APA’s Origins Reflected Enlightened Thinking About Care for People With Mental Illness

Care for people with mental illness was concentrated in large, state-run institutions when their leaders created what became the American Psychiatric Association. This is the first of a yearlong series marking APA’s 175th anniversary.
On October 16, 1844, 13 doctors gathered in the Jones Hotel on Chestnut Street in Philadelphia. Each was in charge of patient care at 13 of the 31 psychiatric hospitals, or asylums, in the United States. After four days of deliberation, they agreed to form the Association of Medical Superintendents of American Institutions for the Insane, a modest beginning to what would eventually become the American Psychiatric Association.

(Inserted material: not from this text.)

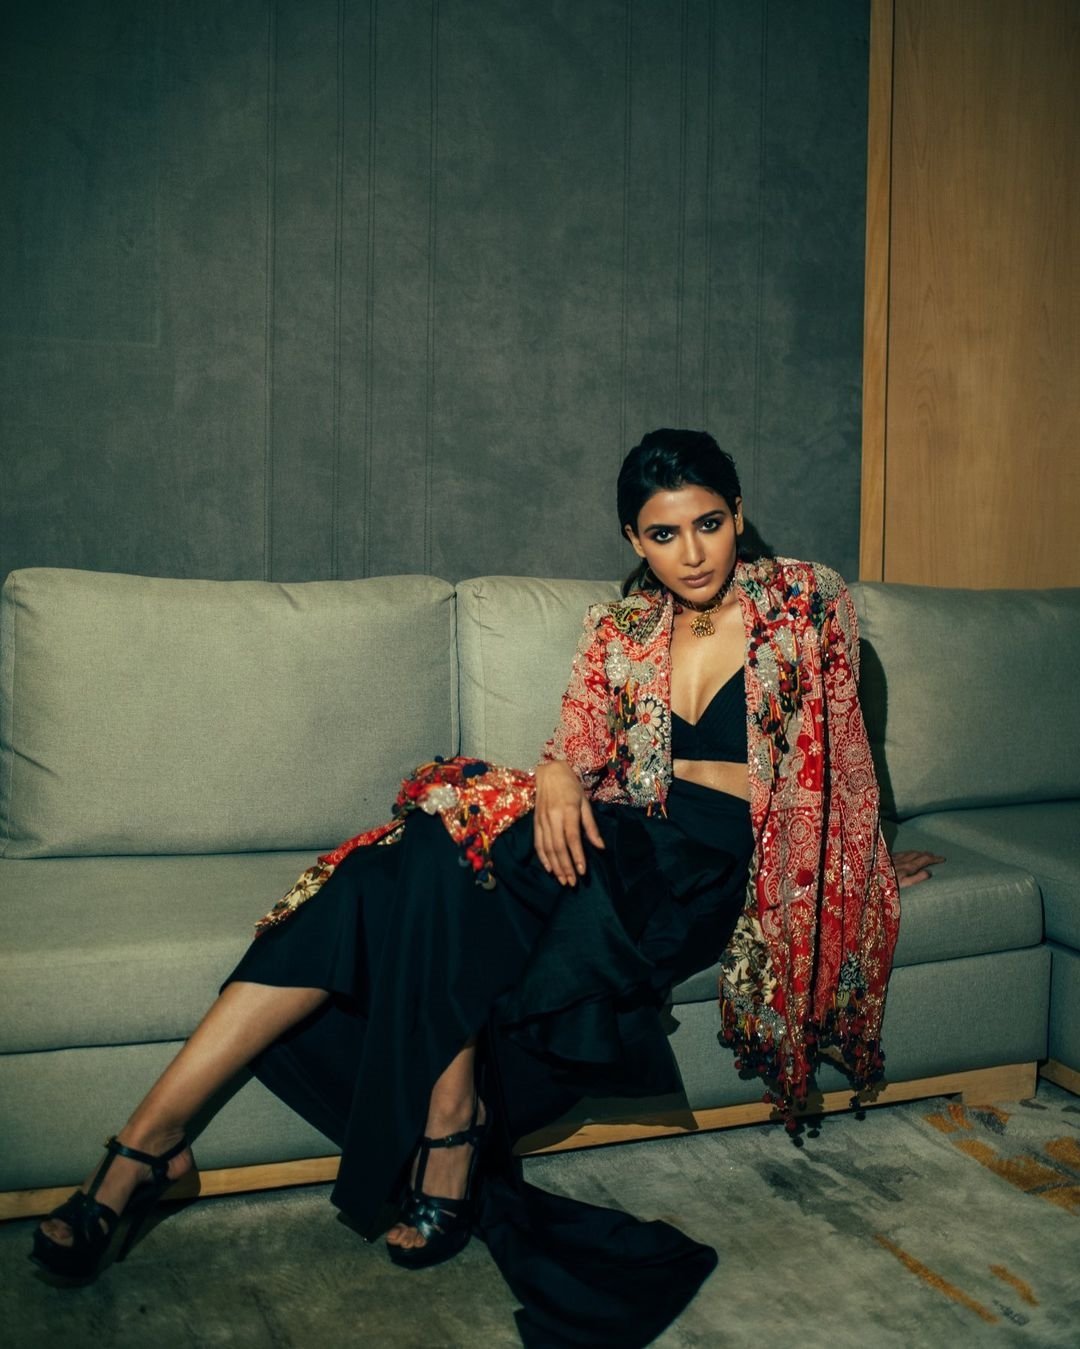 Samantha Ruth Prabhu Has a Bossy Lady Style

They elected Samuel Woodward of the Worcester State Lunatic Hospital in Massachusetts as president. Samuel White, who ran a private asylum in Hudson, N.Y., was named vice president, and Thomas Kirkbride of the Philadelphia Hospital for the Insane became secretary and treasurer. The nascent association was the first national medical society in the United States. The American Medical Association would be founded in 1847.
Hospital care for those with mental disorders was still an innovation, and the members sought to “assist each other in improving the treatment of the insane” by sharing their knowledge and experience in caring for people with mental illness.
Perceptions of mental illness and what to do about it had changed steadily during the previous two centuries. Chaining mentally ill people in jails and almshouses began to give way to “moral treatment,” an approach advocated by Phillippe Pinel of the Bicêtre Hospital in Paris in 1793 and William Tuke at the York Retreat in England in 1796. In the New World, psychiatric clinics were founded in Quebec during the 17th century, and the first mental hospital in the 13 U.S. colonies opened in 1773 in Williamsburg, Va. Yet no common language yet existed to describe psychiatric illnesses or to guide treatment. Treatments of the day included purging, bleeding, and hot or cold baths.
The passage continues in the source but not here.